How does it happen? How does a perfectly organized storage room decay into a cavern of chaos? After spending all of last Saturday cleaning out our storage room, I have been pondering this question not only as it pertains to my material world, but also as it pertains to my mental/emotional/spiritual world. For I do believe it is possible to have cluttered emotions and a cluttered mind; but, I also believe that peace, joy, and contentment reign when my heart and home are submitted and committed to a life of simplicity. I struggle with how to get there.
I feel like I work hard to keep our life simple. I am not a collector. I regularly donate clothing and household items to Goodwill. I have very few keepsakes. I do my best to take care of the things that have been entrusted to me. And yet...
...this happens. I realize it didn't "just happen" on its own, but the making of the whole disaster felt rather effortless on my part. I mean, I certainly did not
work to create such a mess! Here is evidence that the law of entropy that we all learned about in seventh grade chemistry is still in effect. All things tend towards disorder. My storage room is clearly scientific proof!
I believe that the law of entropy is a result of the fall of man. We live in a world that is doomed to decay, and our only hope is the grace of God. Through that grace we have the power to swim upstream against the strong current of entropy--but it will not happen effortlessly. Believe me, I've tried the route of least resistance. It leads to something that looks like thermonuclear fall out.
I am considering anew what the fight against entropy entails, and how I might better engage in it, and here is where my thoughts have taken me:
First, I need to slay my inner sloth! The path of laziness is a tempting trail for me. Most messes do not start out as enormous entities. They begin with little piles here, a few stray items there, and the unwillingness to take the extra steps that would be required to return said things to their proper place. Doing nothing appears to be the easy way--but that is a MYTH! I wonder how much time I waste shuffling things around to avoid the itty bitty bit of extra effort it would take to put them away. Why oh why do I do it? I'm lazy. Not always, but sometimes. And sometimes is often enough for entropy to make significant progress in my house.

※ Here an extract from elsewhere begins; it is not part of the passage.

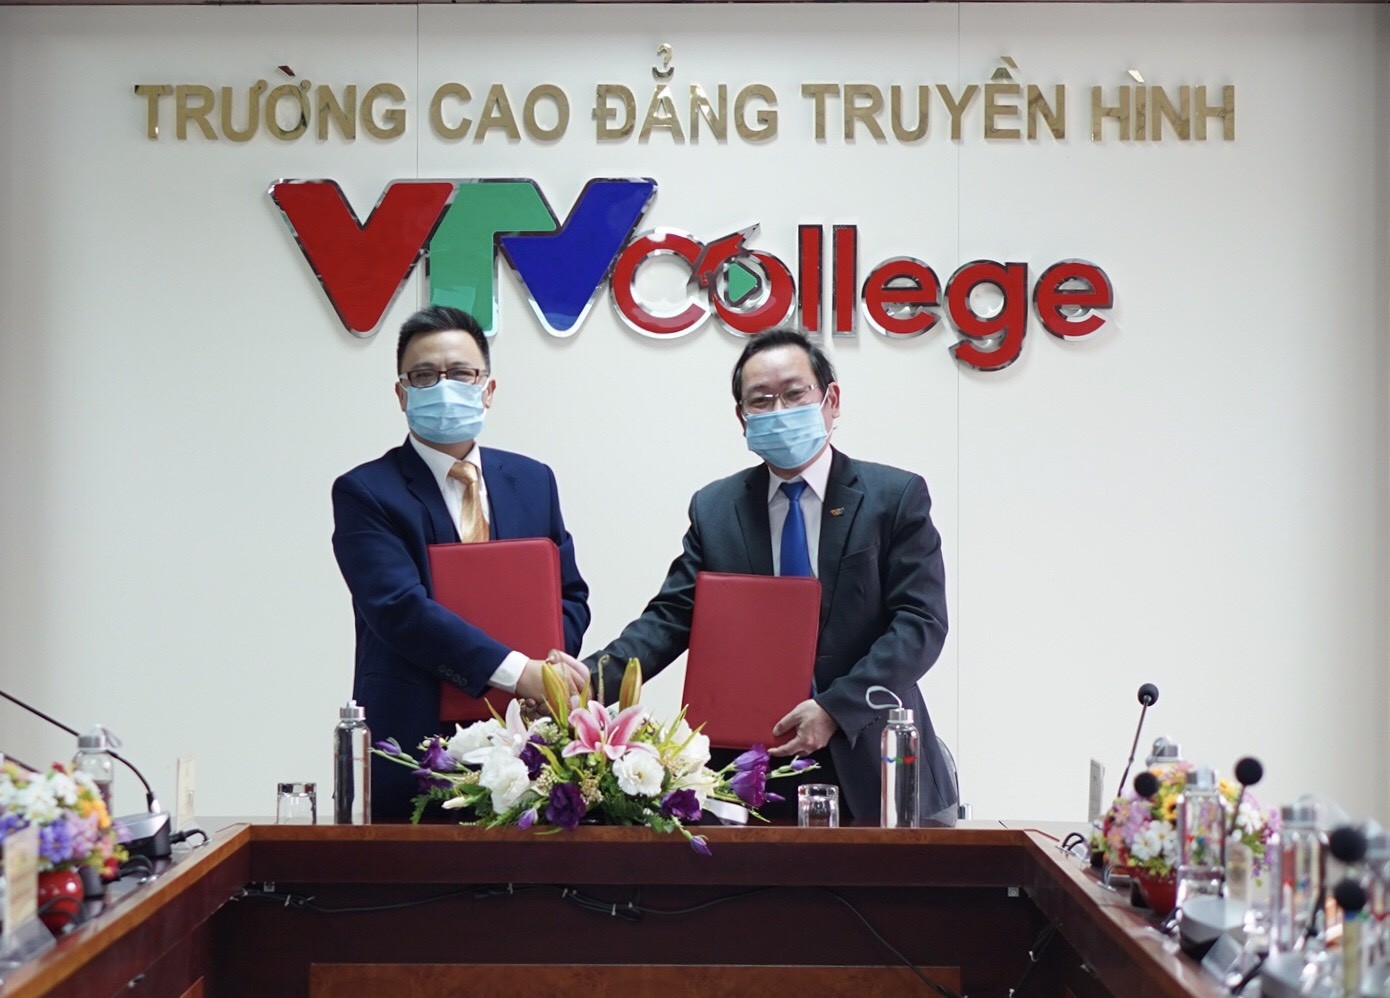 TVTV College: Ký kết Biên bản ghi nhớ hợp tác đào tạo nguồn nhân lực

Do you think that there is a spiritual application of this concept? Is it possible to be spiritually lazy? Oh yes, I think it is. God gives clear commands in His Word, but I shuffle those commands around to avoid the extra steps that would be required for total obedience. I tithe 8%, because, you know, it comes to a nice even number. I overlook my own pride issues, because, you know, it would mean having to deal with insecurities to face them. I skip out on service opportunities, because, you know, it would mean having to die to myself to serve others. Yes, spiritual laziness is definitely a factor.
Second, I need to submit to structure! I have a system for keeping house, but I have recently neglected that system in favor of more fun and exciting endeavors.
"Can you do lunch on Thursday?"
"Sure," I say, "That sounds great!"
I completely ignore the fact that if I DON'T clean house on Thursday there will be no other time for me to do it until the following Thursday. And I fall prey to the deception that says structure limits my life. Structure is very freeing when applied appropriately to life. When I regularly clean my house on Thursdays, I keep entropy at bay and enjoy my time at home for the whole rest of the week. When I skip cleaning on Thursdays then I spend most of my time at home agonizing over the horrendous state of our abode and feeling guilty that I have done nothing about it.
Is there a place for structure in my spiritual life? Oh, but there is! God is clear about issues of order: Seek FIRST the kingdom of God and His righteousness. Unfortunately, most days I seek coffee, the daily news, and a hot shower first. Casting literalism aside, I also tend to seek my will, my desires, and my best first. I get my priorities out of order because I rebel against structure...even the structures that God put into place to build strength and effectiveness into my life. When I neglect to put God and His kingdom first in my life, I spend my days agonizing over the horrendous state of my heart and feeling guilty that I have forsaken my first love. His structure exists for my own good, and I am blessed when I submit to it.
Because of God's grace, a fresh start is always available to me. Entropy is not my master. God promises to bring beauty from ashes, even when the ashes are the result of my own laziness or an unwillingness to submit to His structure in my life. When I get it right, God is good. When I get it wrong, God is good. I can neither impress nor disappoint Him. I can only receive His love, and live my life as a grateful response for His goodness and grace. After all, my whole life, apart from Jesus, is a messy storage room cluttered to the point of total uselessness. I am entropy personified, save this one fact: He saved me. Now my life is ordered by the hands of a God who not only cleanses me from messes that are entirely mine in the making. He also restores me so that I can be used for His eternal purposes. Oh the joy of being His!